PROBLEM TO WORK ON.
Down to the last line of the listing, starting at the one with "Zebronics Sound Feast", retype each line exactly. Do not copy the pictures.

DATA SEGMENT.
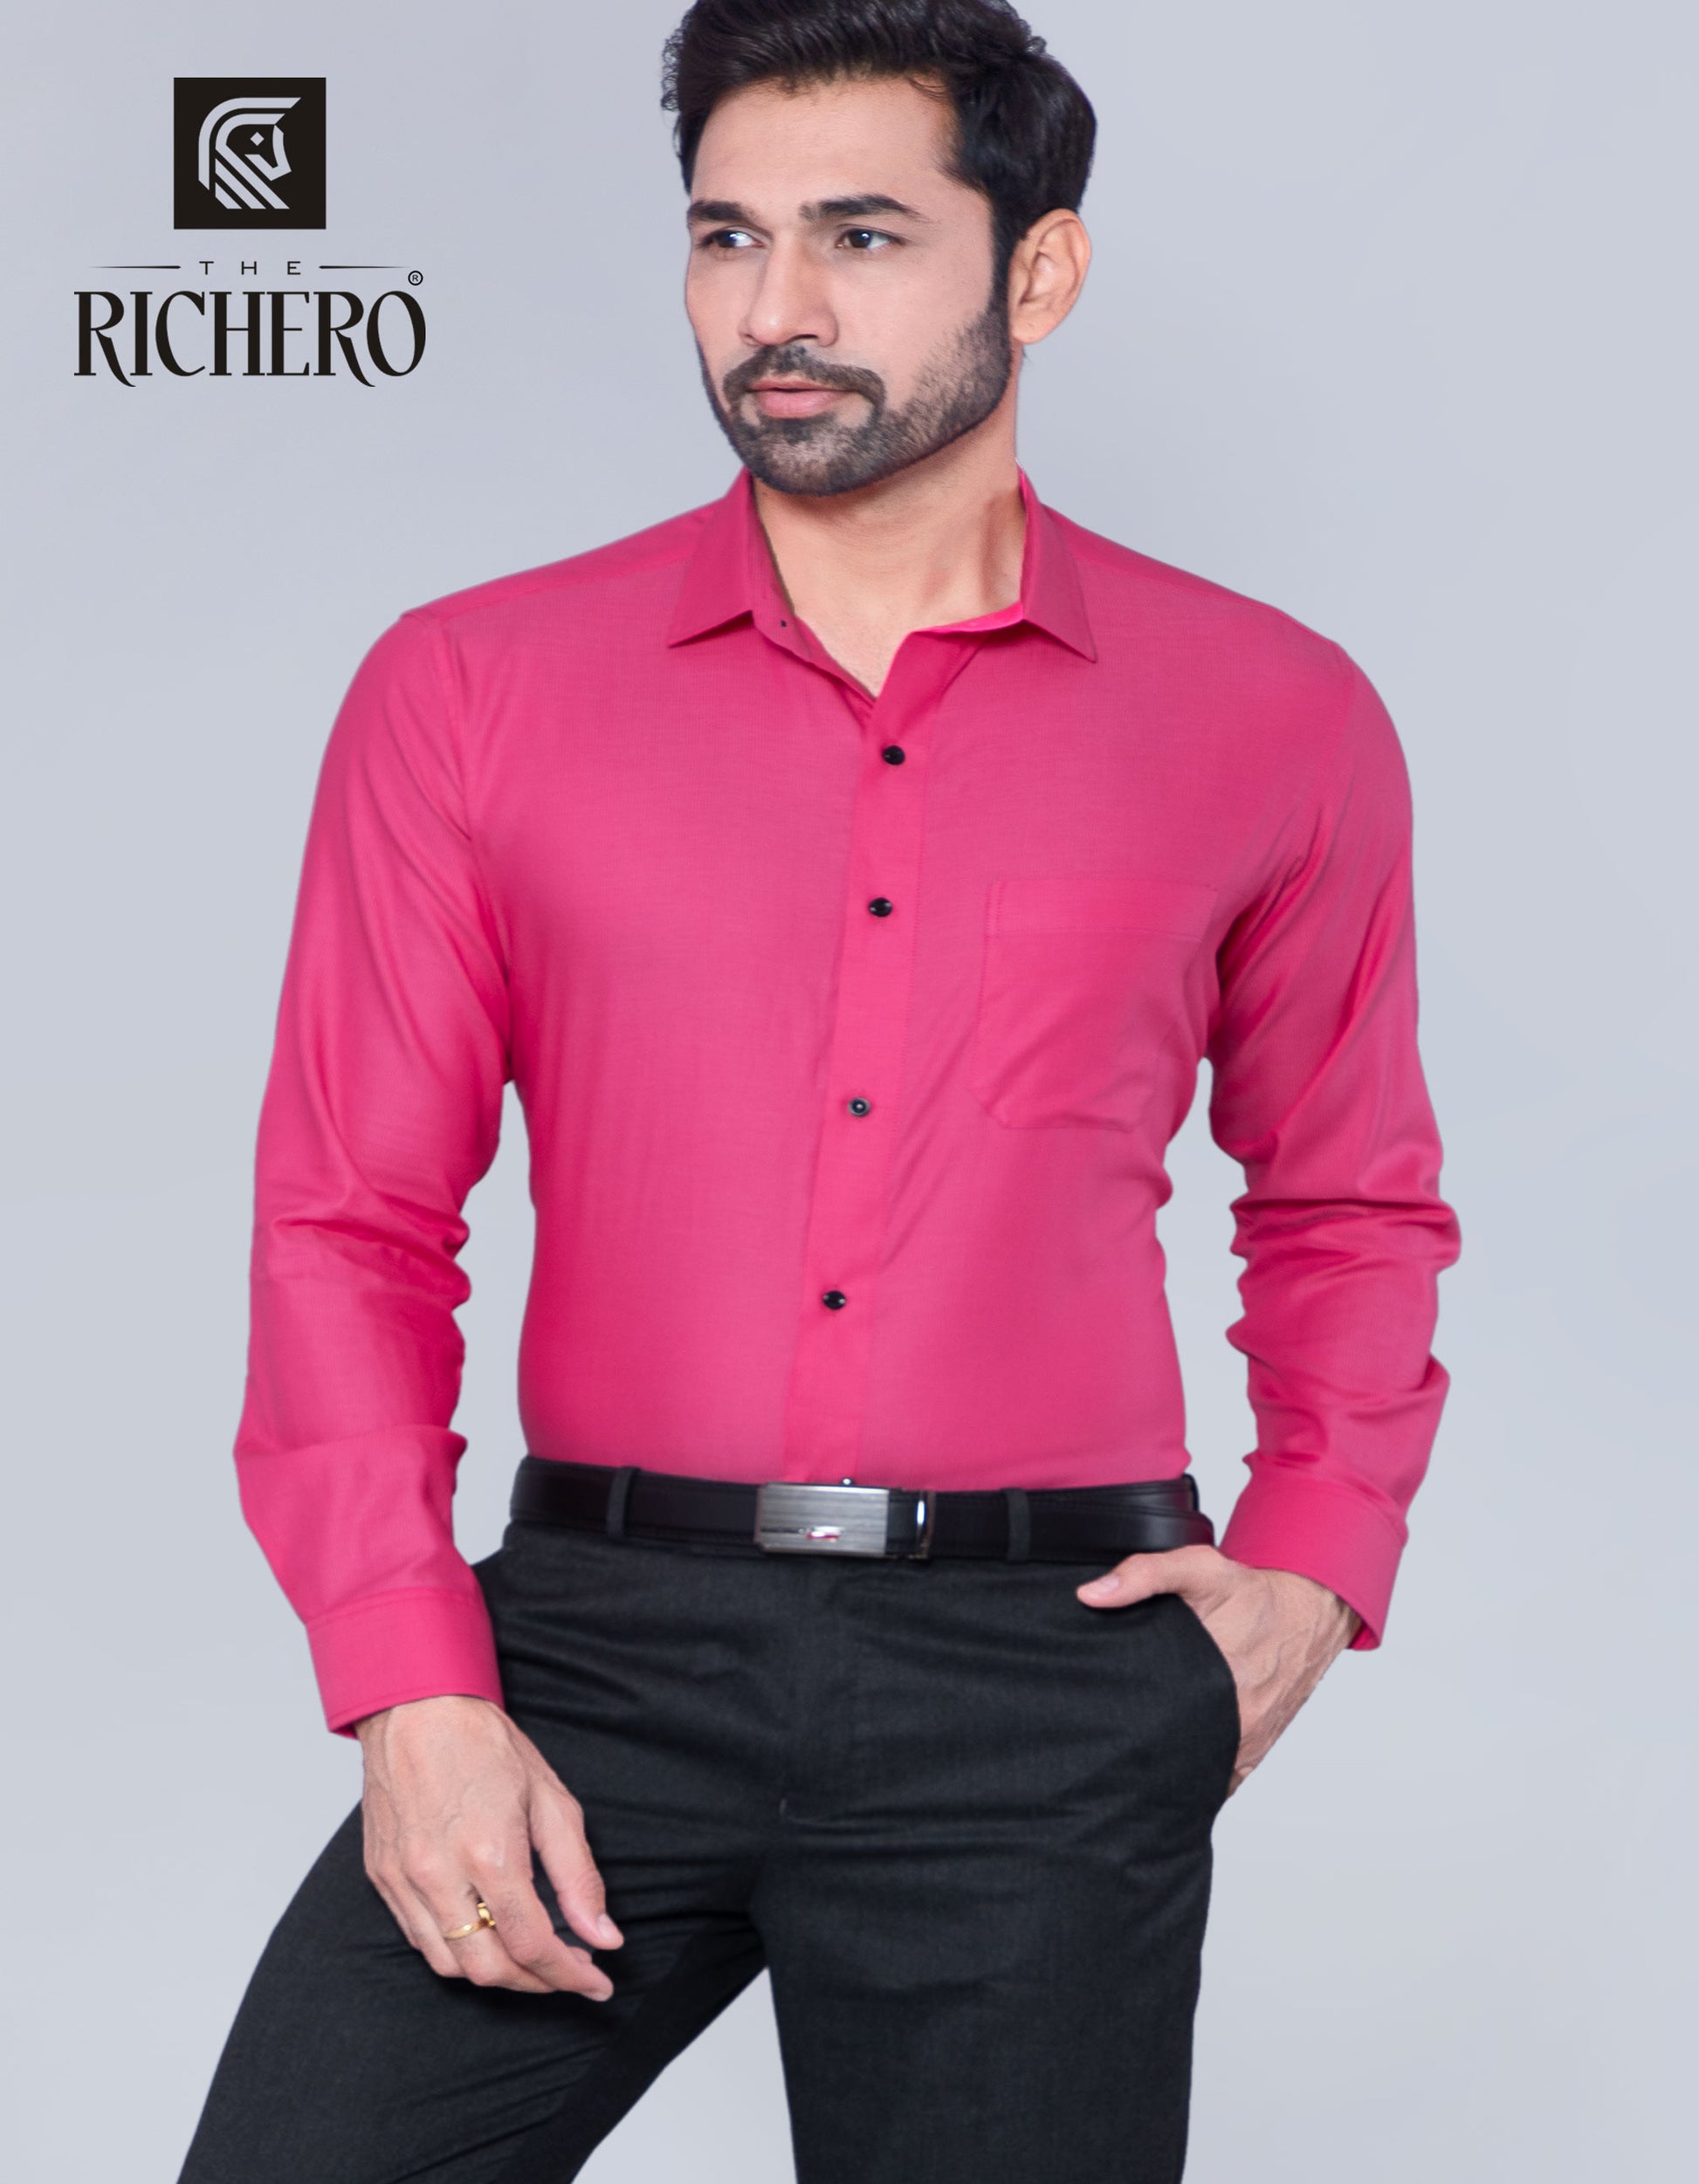 Men's Sizzling Pink Shirt made of Piper Club Cotton
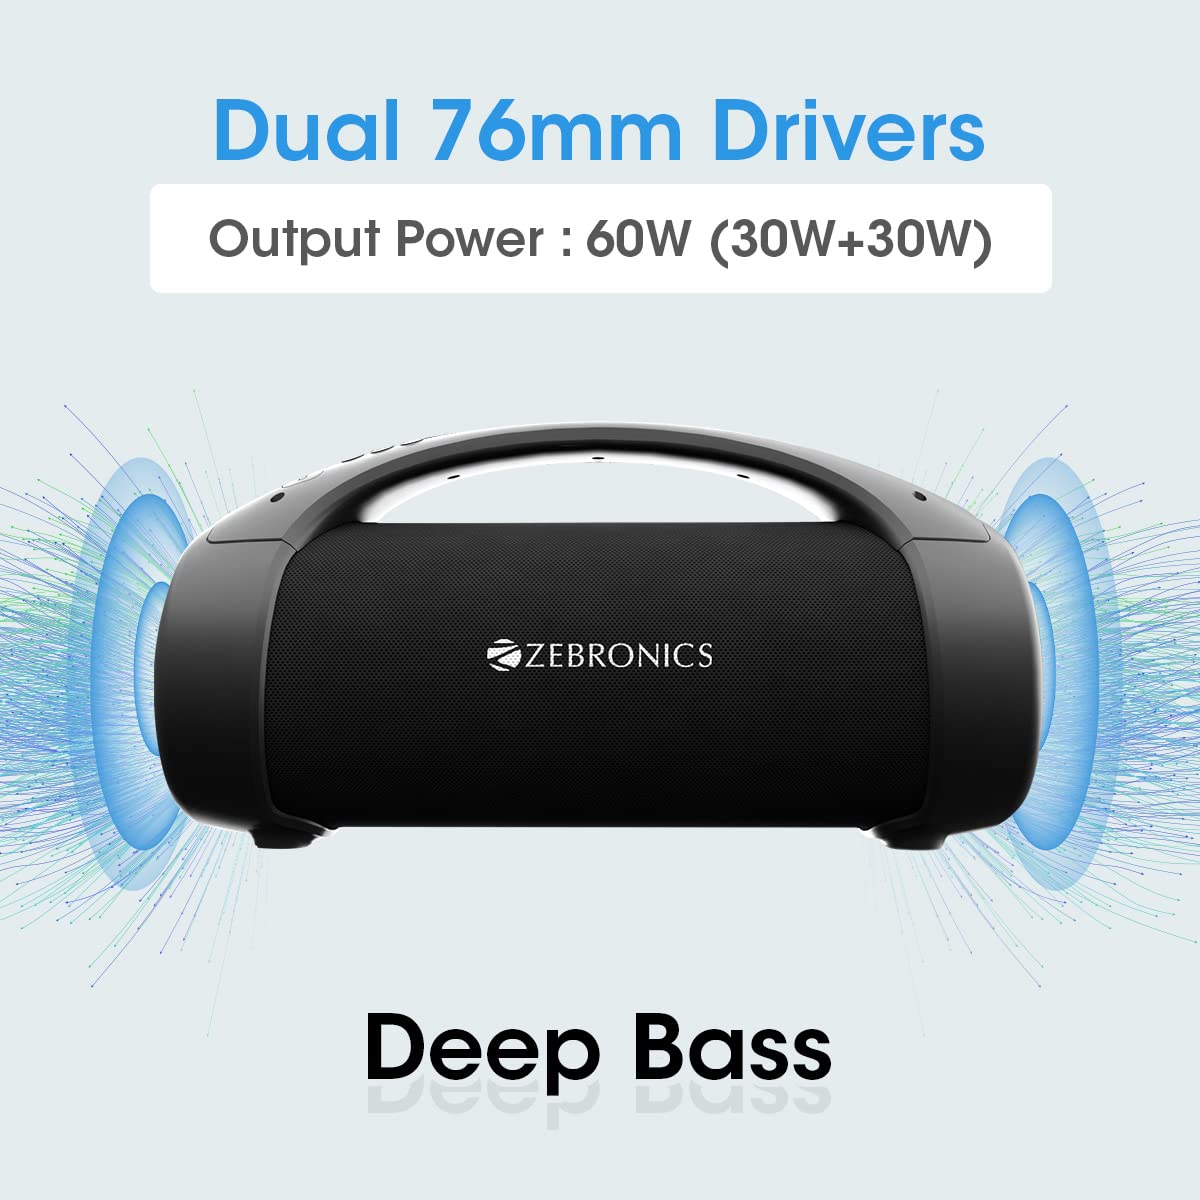 Zebronics Sound Feast 400 Bluetooth v5.0 Portable Speaker with 60W Output, 11 Hours Backup, Voice Assistant, TWS, IPX5 Waterproof, Call Function, RGB Light, AUX, USB, FM Radio and Type C
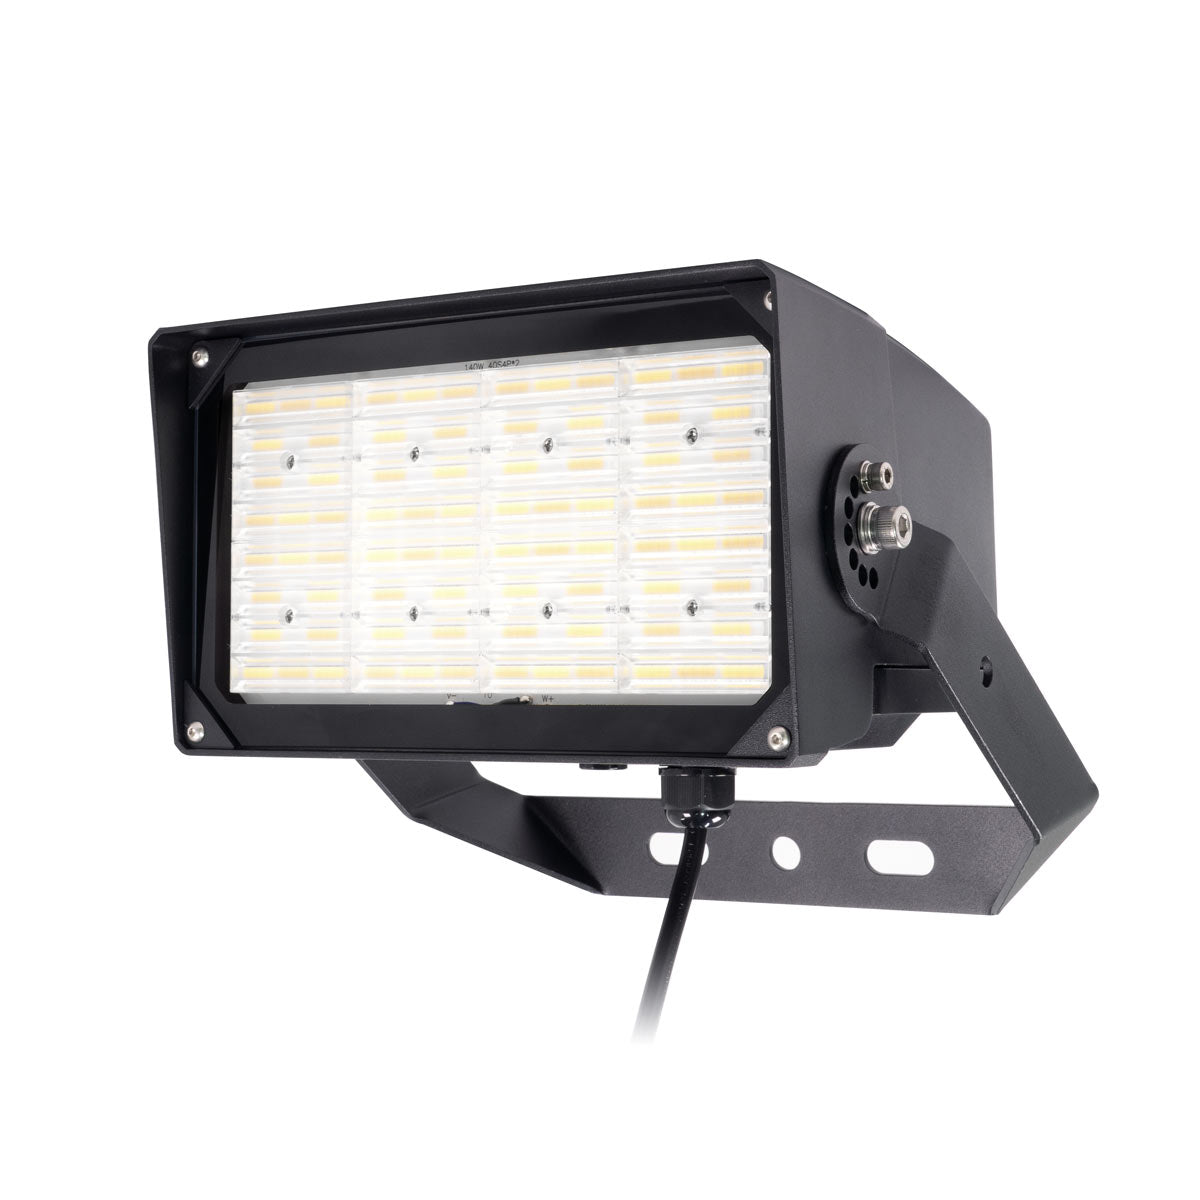 Selectable LUX LED Flood Light - 45W to 150W

RESULT OF THIS TASK.
 Zebronics Sound Feast 400 Bluetooth v5.0 Portable Speaker with 60W Output, 11 Hours Backup, Voice Assistant, TWS, IPX5 Waterproof, Call Function, RGB Light, AUX, USB, FM Radio and Type C
 Selectable LUX LED Flood Light - 45W to 150W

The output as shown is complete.